Simultaneously Enrico engaged in a vast consolidation, capturing juice giant Tropicana and oatmeal kingpin Quaker while divesting distracting restaurant brands as a new millennium approached.
So despite no present peril discernible over tranquil, prosperous 1990s waters, Enrico’s doubled revenues by 2001 attested a veteran navigator shrewdly preparing for all eventuality, even unseen storms bullishly expected beyond sight over the curve of Earth’s restless, ever-changing sea.
When long-tenured Pepsi chieftain Roger Enrico passed baton to Steven Reinemund in 2001, foreboding predictions warned treacherous headwinds soon to assail all lumbering leviathans unable to trim needless bulk before the speedy e-commerce gale.
Wisely Reinemund kept Pepsi largely the charted course through relatively placid waters the initial years after assuming command.
But concurrently, new swells rose—health and sustainability concerns that could swell eventually wave-breaking. S
o Reinemund laid plans returning Pepsi towards cleaner, greener directions—new lines health-conscious products not overly taxing an ailing planet.
Yet with the soda goliath remaining stubbornly unwieldy amidst the fickle tides of shifting consumption, when Reinemund yielded in 2006, few corporate titans stood faced so uncertainly athwart multiple southern horizons as they scanned for the first wisps heralding great storms barreling down.
When Indra Nooyi took Pepsi’s wheel in 2006, the first woman helming a Fortune 50 colossus assumed command facing multiplying hazards the prior generation had but dimly perceived through fogs enshrouding the near future.
Health alarms sounded over junk food’s obesity epidemics, environmental jeremiads revealed plastic waste despoiling Earth’s endangered ecology, while technological disruption still threatened stalwart brands grown complacent after dominating mass consumer markets unchallenged generations.
Yet Nooyi tackled boldly reforming Pepsi’s product lines healthier while achieving strategic dominance over archfoe Coca-Cola in sustainability initiatives redeeming the company’s battered civic image.
Still, whether Nooyi’s daring greenwashing gamble along with the daring era of e-commerce deepwater passage might undermine Pepsi’s future market share commanded since Alfred Steel’s 1950s stewardship—that awaited next watching from history’s secure farther shore.
When Ramon Laguarta took the helm in 2018, PepsiCo remained a global beverage titan, though buffeted by health concerns, environmental critiques, and disruptive changes in consumer tastes and technology.
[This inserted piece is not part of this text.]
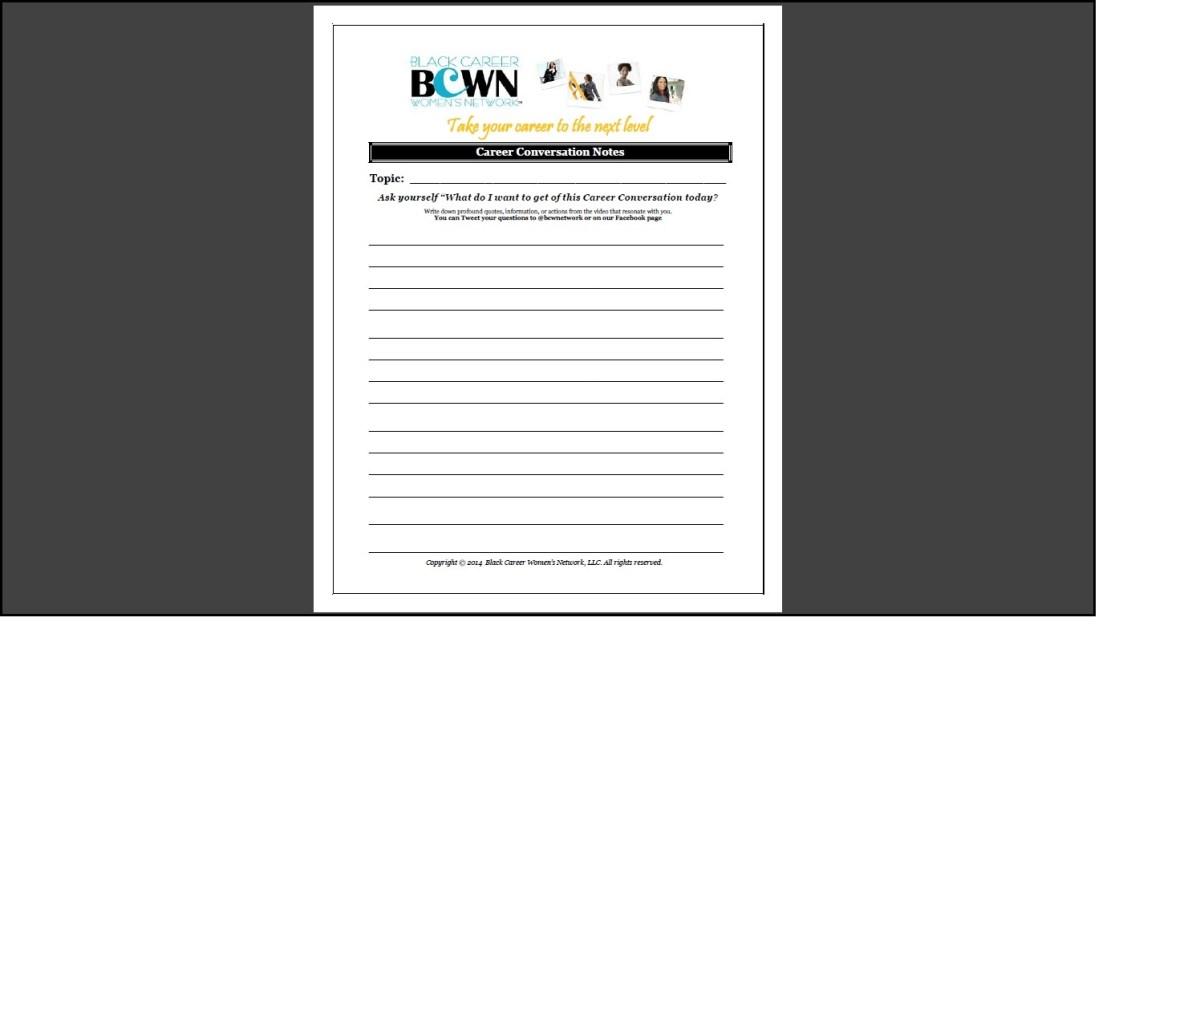 Career Conversation Note Sheet

Yet wily Laguarta tacked towards the winds blowing in from the future: expanding PepsiCo’s offerings acquiring nutritious brands while minimizing packaging—exploring innovative delivery methods to reach younger demographics.
And crucially, avoiding predecessor Indra Nooyi’s policy of directly attacking sugary drink consumption harmful to public health.
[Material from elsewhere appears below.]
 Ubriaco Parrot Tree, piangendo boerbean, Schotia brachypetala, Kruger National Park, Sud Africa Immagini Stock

While the long-term wisdom of Laguarta’s steering remains unfolding as one writes, short-term indicators prove propitious as financial returns swell and public relations improve.
So for now, PepsiCo remains largely on its chartered course, its venerable fleet still out floating, most earlier launched corporate armadas now wrecked or adrift.
Thus Captain Laguarta merits fair winds and following seas as his able crew thus far has kept their coda magisterially afloat through yet more squalling chapters in this ongoing saga.